Version compatibility

The version correspondence between NebulaGraph Analytics and NebulaGraph is as follows.

NebulaGraph NebulaGraph Analytics
3.4.0 ~ 3.4.1 3.4.0
3.3.0 3.3.0
3.1.0 ~ 3.2.x 3.2.0
3.0.x 1.0.x
2.6.x 0.9.0

Graph algorithms

NebulaGraph Analytics supports the following graph algorithms.

Algorithm Description Category
APSP All Pair Shortest Path Path
SSSP Single Source Shortest Path Path
BFS Breadth-first search Path
ShortestPath The shortest path Path
PageRank It is used to rank web pages. Node importance measurement
KCore k-Cores Node importance measurement
DegreeCentrality It is a simple count of the total number of connections linked to a vertex. Node importance measurement
DegreeWithTime Neighbor statistics based on the time range of edge ranks Node importance measurement
BetweennessCentrality Intermediate centrality Node importance measurement
ClosenessCentrality Closeness centrality Node importance measurement
TriangleCount It counts the number of triangles. Graph feature
Node2Vec Graph neural network Graph feature
Tree_stat Tree structure statistics Graph feature
HyperANF Estimate the average distance of the graph Graph feature
LPA Label Propagation Algorithm Community discovery
WCC Weakly connected component Community discovery
LOUVAIN It detects communities in large networks. Community discovery
InfoMap Community classification Community discovery
HANP Hop attenuation & Node Preference Community discovery
Clustering Coefficient It is a measure of the degree to which nodes in a graph tend to cluster together. Clustering
Jaccard Jaccard similarity Similarity

Install NebulaGraph Analytics

  1. Install the NebulaGraph Analytics. When installing a cluster of multiple NebulaGraph Analytics on multiple nodes, you need to install NebulaGraph Analytics to the same path and set up SSH-free login between nodes.

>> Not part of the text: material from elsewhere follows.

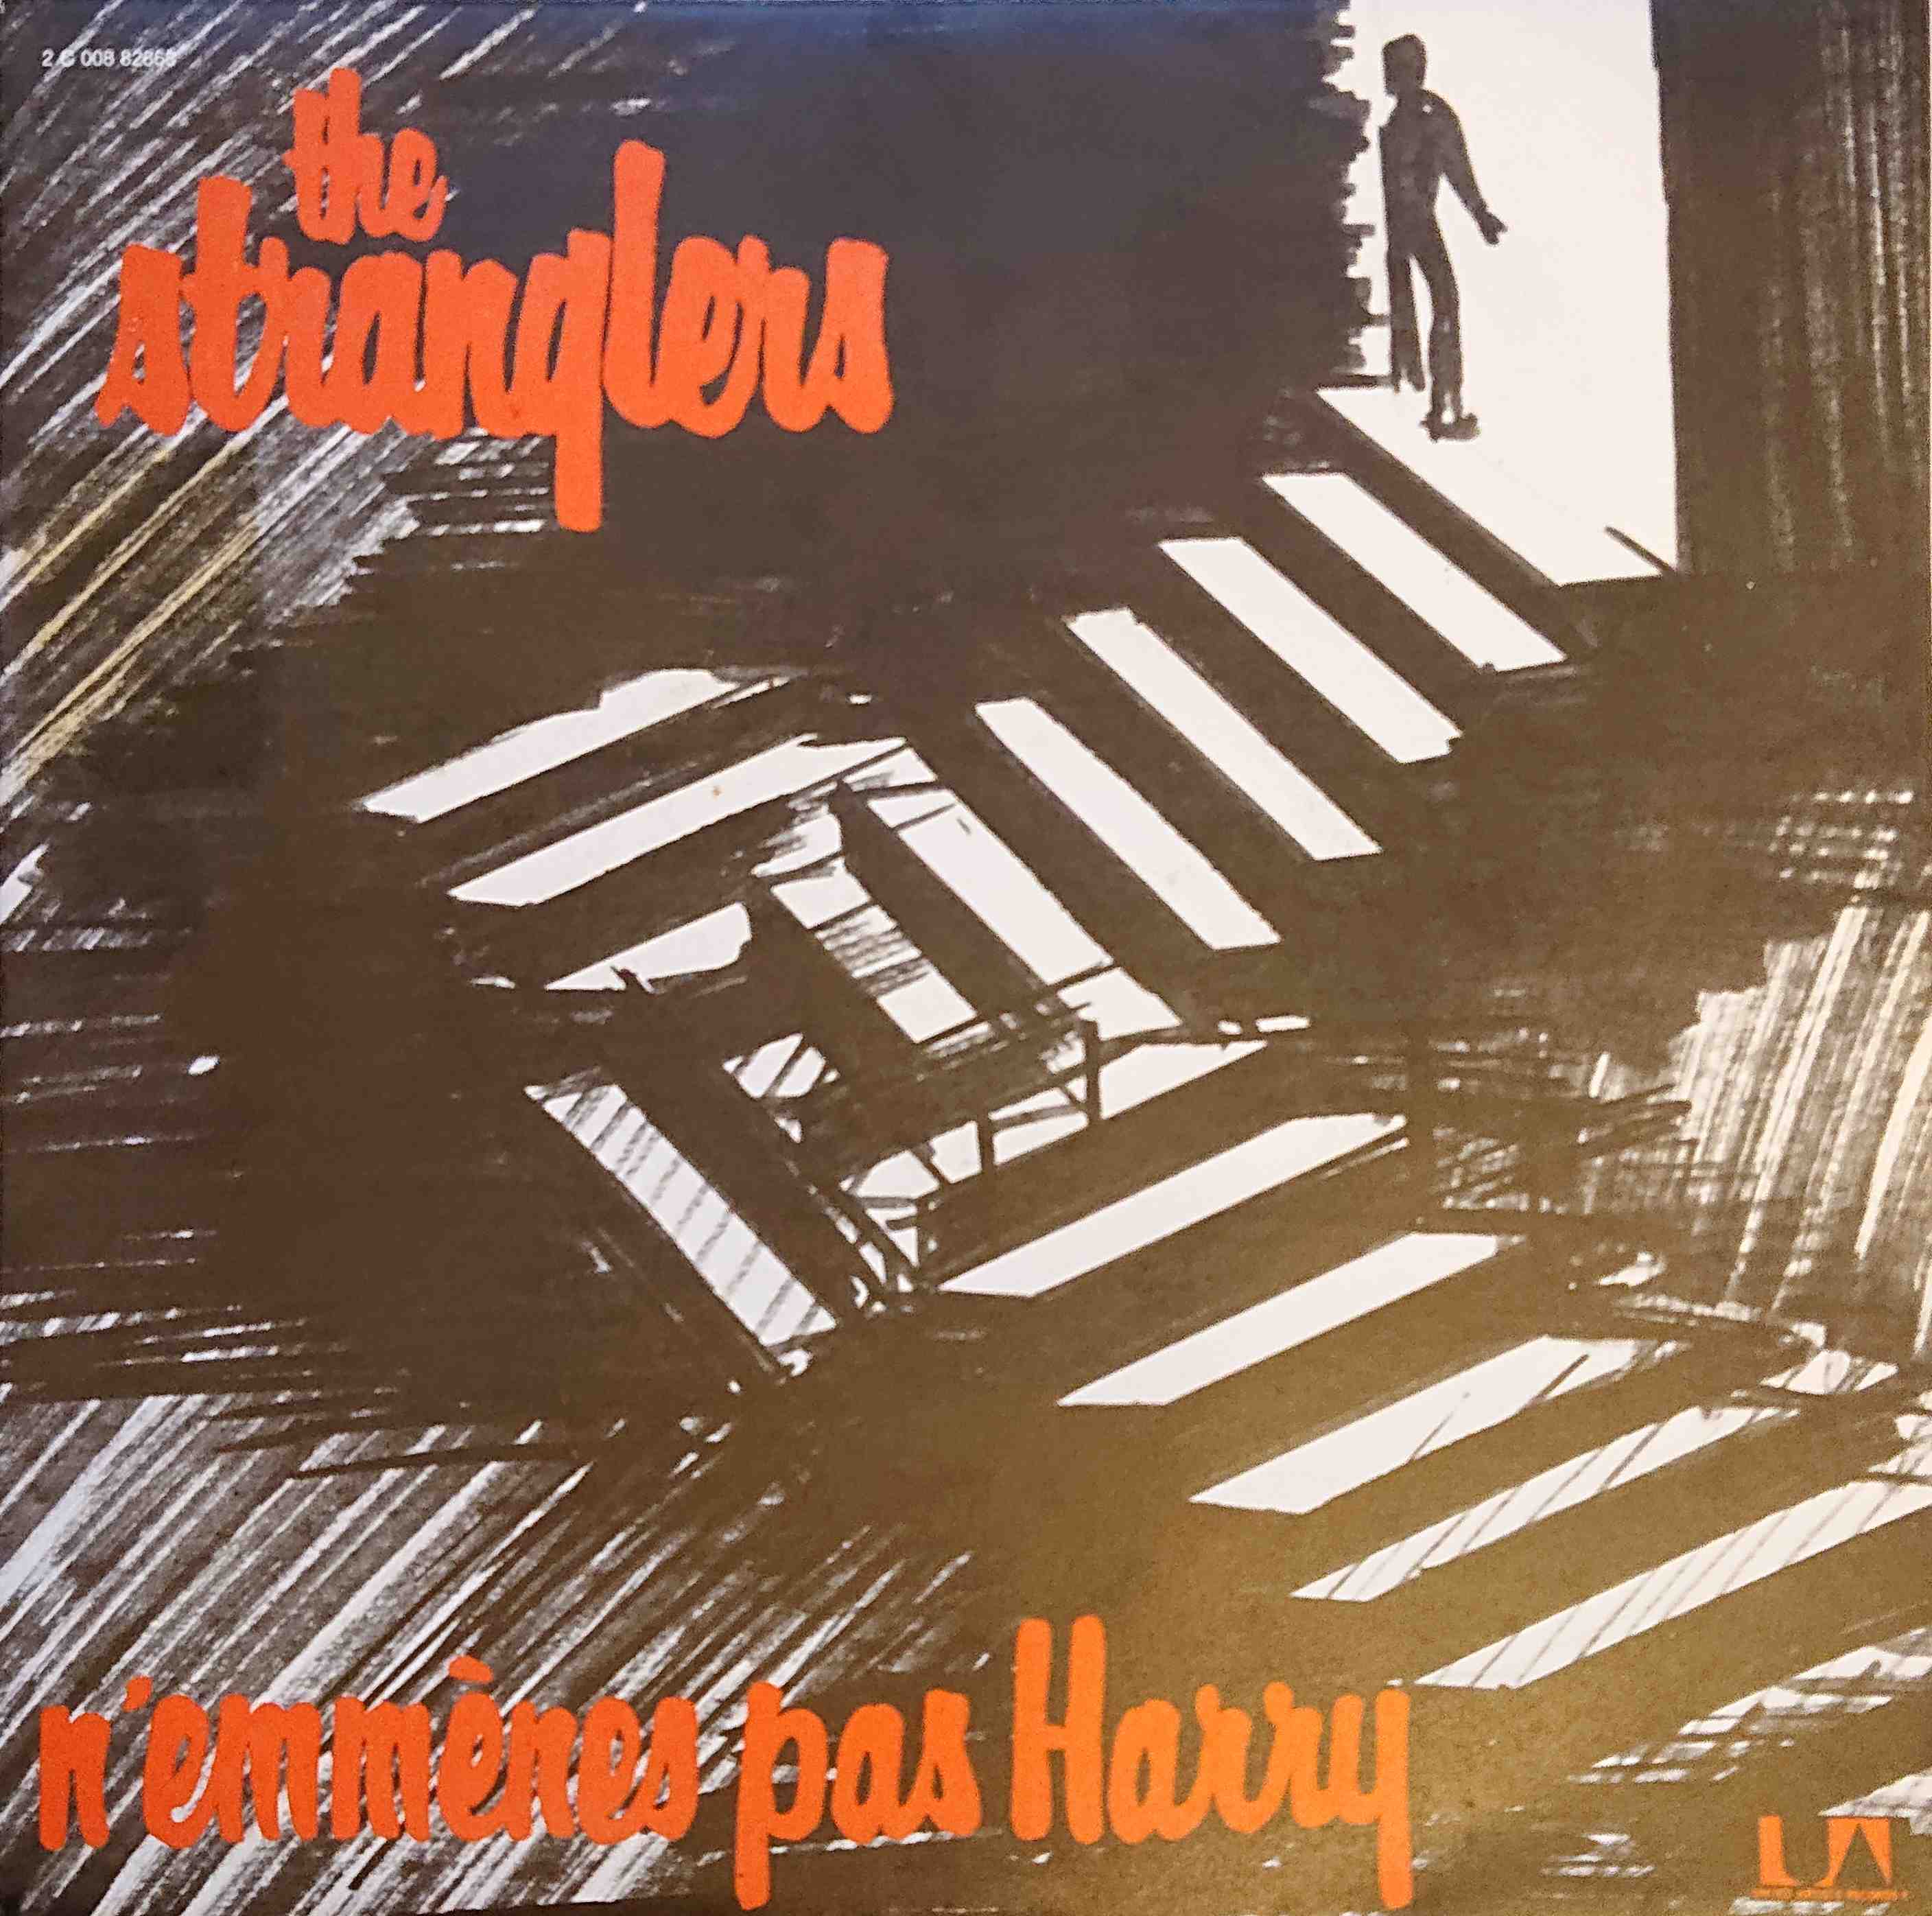 Picture of N'emmenes pas Harry by artist The Stranglers  from The Stranglers singles

    sudo rpm -ivh <analytics_package_name> --prefix <install_path>
    sudo chown <user>:<user> -R <install path>
    

    For example:

    sudo rpm -ivh nebula-analytics-3.4.0-centos.x86_64.rpm --prefix=/home/vesoft/nebula-analytics
    sudo chown vesoft:vesoft -R /home/vesoft/nebula-analytics
    
  2. Configure the correct Hadoop path and JDK path in the file set_env.sh, the file path is nebula-analytics/scripts/set_env.sh. If there are multiple machines, ensure that the paths are the same.

    Note

    The default TCP port range used by the MPICH process manager and MPICH library is 10000 to 10100. To adjust this, modify the value of the environment variable MPIR_CVAR_CH3_PORT_RANGE in the set_env.sh file.

    export HADOOP_HOME=<hadoop_path>
    export JAVA_HOME=<java_path>
    
  3. Copy the license into the directory scripts of the NebulaGraph Analytics installation path on all machines.

How to use NebulaGraph Analytics

After installation, you can set parameters of different algorithms and then execute a script to obtain the results of the algorithms and export them to the specified format.

  1. Select one node from the NebulaGraph Analytics cluster and then access the scripts directory.

    $ cd scripts
    
  2. Confirm the data source and export path. Configuration steps are as follows.

    • NebulaGraph clusters as the data source

      1. Modify the configuration file nebula.conf to configure the NebulaGraph cluster.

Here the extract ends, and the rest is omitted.